Another limitation of our study is the lack of disease-specific prognostic data, including ISS stage, cytogenetics and response to initial therapy. Given that we included cases from 2000–2010, prior to the promulgation of the ISS stage, many patients did not have data on beta-2-microglobulin to allow calculation of the ISS stage.(16) In addition, data on cytogenetics and fluorescence in situ hybridization for specific chromosomal abnormalities were frequently not available and could not be included in the survival model. It is possible that there were differences in the biology of disease that could explain the observed differences in survival, such that those with more aggressive biology of disease were less likely to undergo ASCT.

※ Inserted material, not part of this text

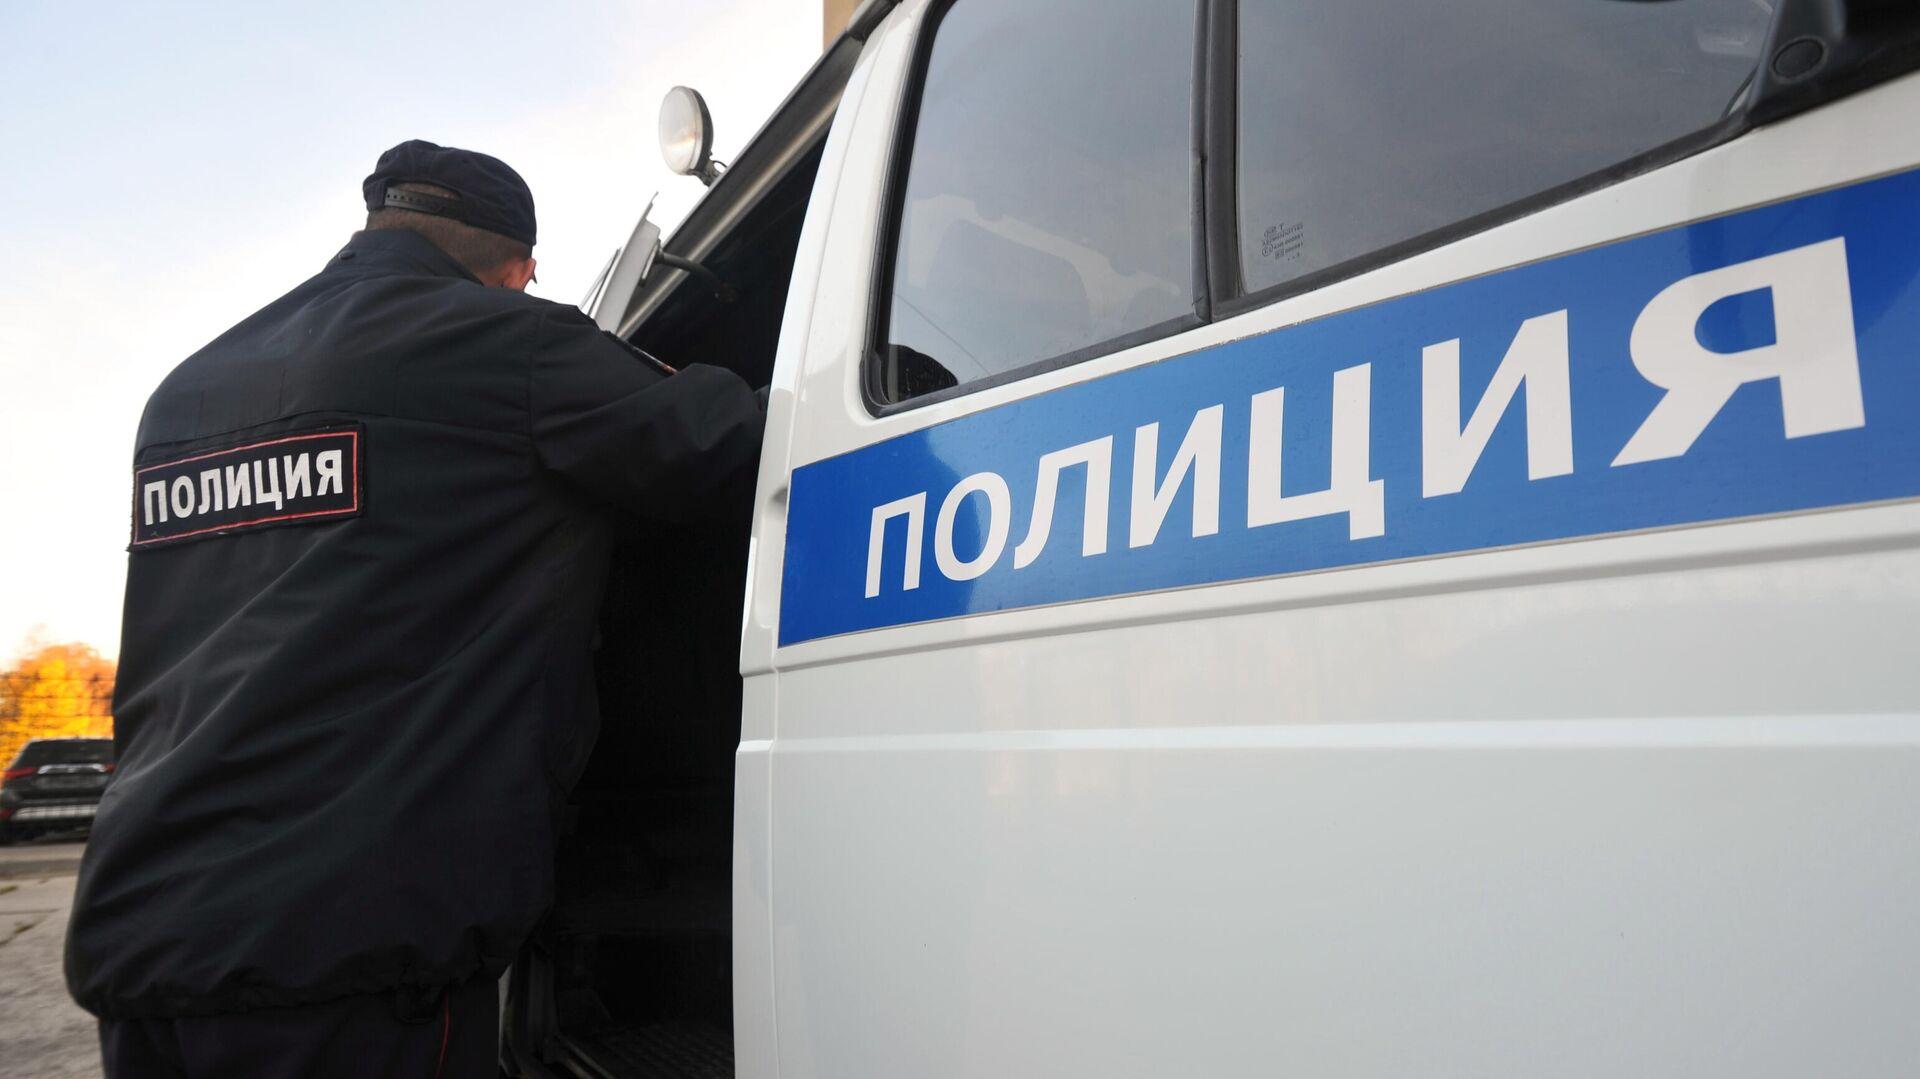 Сотрудник полиции - РИА Новости, 1920, 17.10.2020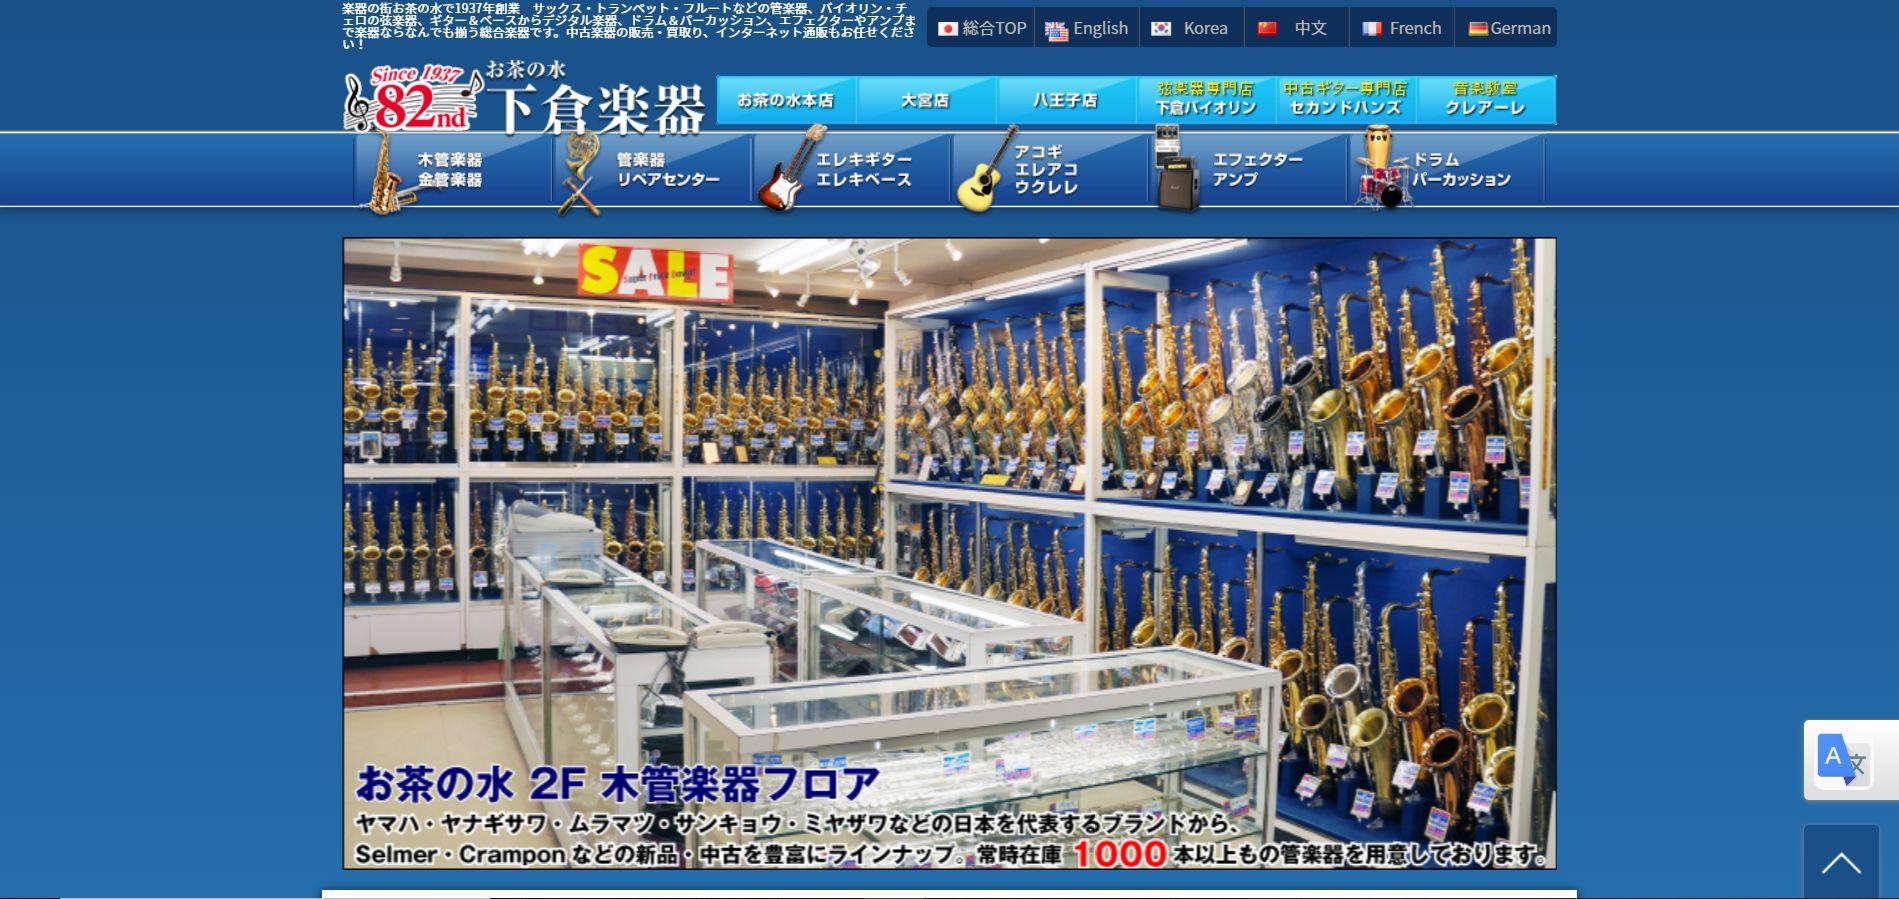 下倉楽器のギター買取(御茶ノ水)

In conclusion, in a cohort of patients with multiple myeloma over the age of 65, undergoing ASCT was associated with superior survival, with a nearly 50% lower risk of mortality after controlling for comorbidities, performance status, stage and propensity to undergo ASCT. We recognize the limitations of a retrospective cohort study in examining all of the factors associated with treatment selection, which may confound the association between treatment and outcomes. Future studies must focus on prospectively incorporating greater detail on disease characteristics, functional status and other geriatric assessment parameters in order to further perform comparative effectiveness research to clarify the role of ASCT in older adults with multiple myeloma.